Programs that use the InstallShield program may not start, and you may receive one of the following error messages: 

Setup failed to launch installation engine: Access is denied.

or 

Error installing Ikernel.exe, access is denied. 
CAUSE

This behavior can occur if there are insufficient Component Object Model (COM) permissions. 

*RESOLUTION*

To resolve this behavior, set the necessary permissions that are needed to successfully complete the installation: 

At a command prompt, type: dcomcnfg.exe. The Distributed COM Configuration Properties dialog box is displayed.

Click the Default Security tab.
In the Default Access Permissions section, click Edit.
Ensure that you have "Allow Access" beside your name.
If you do not have "Allow Access" next to your name, either modify an existing profile or create a new profile that has the necessary permissions.
Apply all the changes and attempt to run Setup.

*MORE INFORMATION*
If installation or initialization errors, or denial of access errors occur, you may not have sufficient COM permissions on the workstation or server to successfully complete the installation.

This behavior can also be caused by a logon script, domain policies, or file system permissions. If this behavior persists, contact InstallShield Technical Support at either of the following InstallShield Web sites: 

http://www.installshield.com/

http://support.installshield.com/

InstallShield Technical Support: (847) 240-9111

Microsoft provides third-party contact information to help you find technical support. This contact information may change without notice. Microsoft does not guarantee the accuracy of this third-party contact information.

The third-party products that are discussed in this article are manufactured by companies that are independent of Microsoft. Microsoft makes no warranty, implied or otherwise, regarding the performance or reliability of these products.

*IF THIS FROM ABOVE ALL FAILS:*

Knock out %Program Files%\Common Files\InstallShield (THIS WORKED FOR ME, EVERYTIME!)

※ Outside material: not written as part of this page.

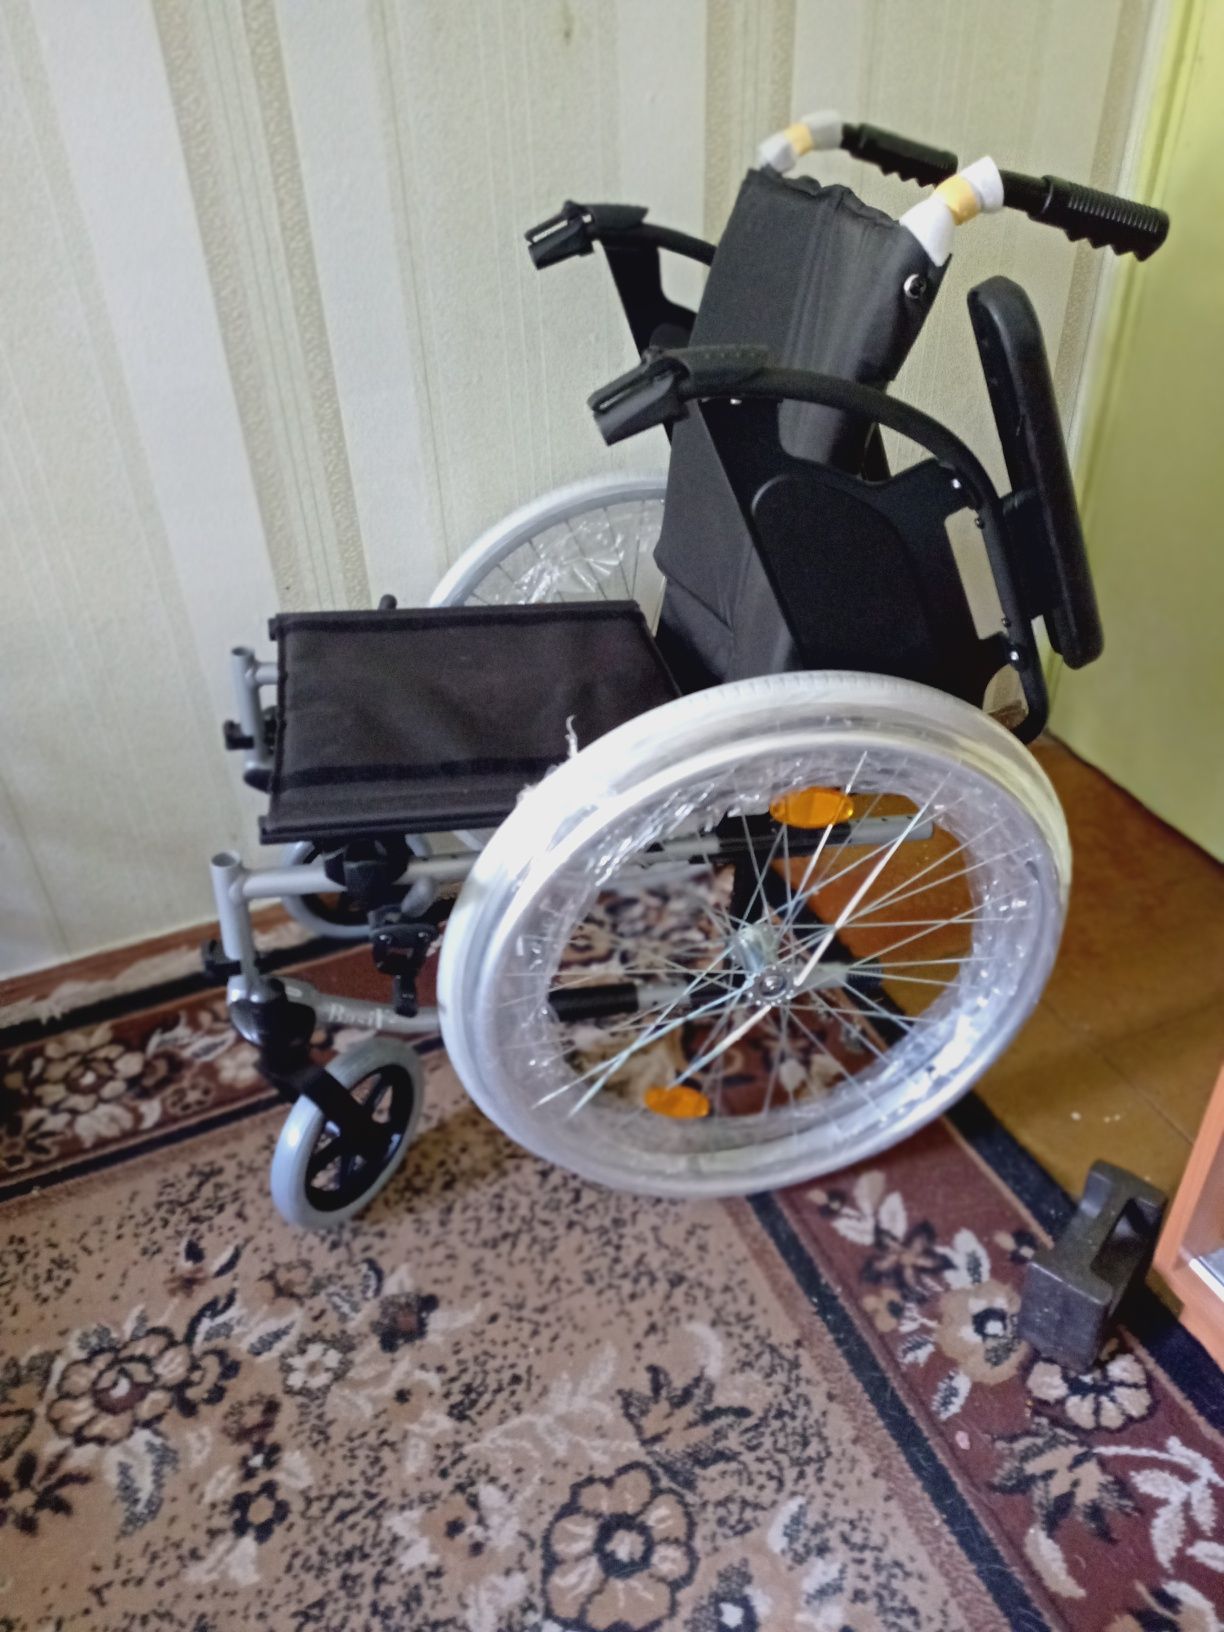 Візок інвалідний Basix 2  договірна.

Knock out %TEMP% as last resort & try install again...



APK


----------



## Jimmy 2004 (May 16, 2006)

Wish I'd known that a few months ago when my install shield broke... I do also use Microsoft Update but I don't think that was the cause.


----------



## Alec§taar (May 22, 2006)

Jimmy 2004 said:
			
		

> Wish I'd known that a few months ago when my install shield broke... I do also use Microsoft Update but I don't think that was the cause.



Well, all I can say is: 

Wish I was here to save you the pain of trying to figure it out (as I had to)...

I found the VERY BOTTOM PART of my post above:

"Knock out %Program Files%\Common Files\InstallShield (THIS WORKED FOR ME, EVERYTIME!)"

That... just works!

For me so far, everytime I have had install problems (e.g./i.e.-> Knock out the InstallShield %Program Files% subfolders, where its base engines version resides).



* In fact, it's truly never failed me yet to date w/ InstallShield hassles...

APK


----------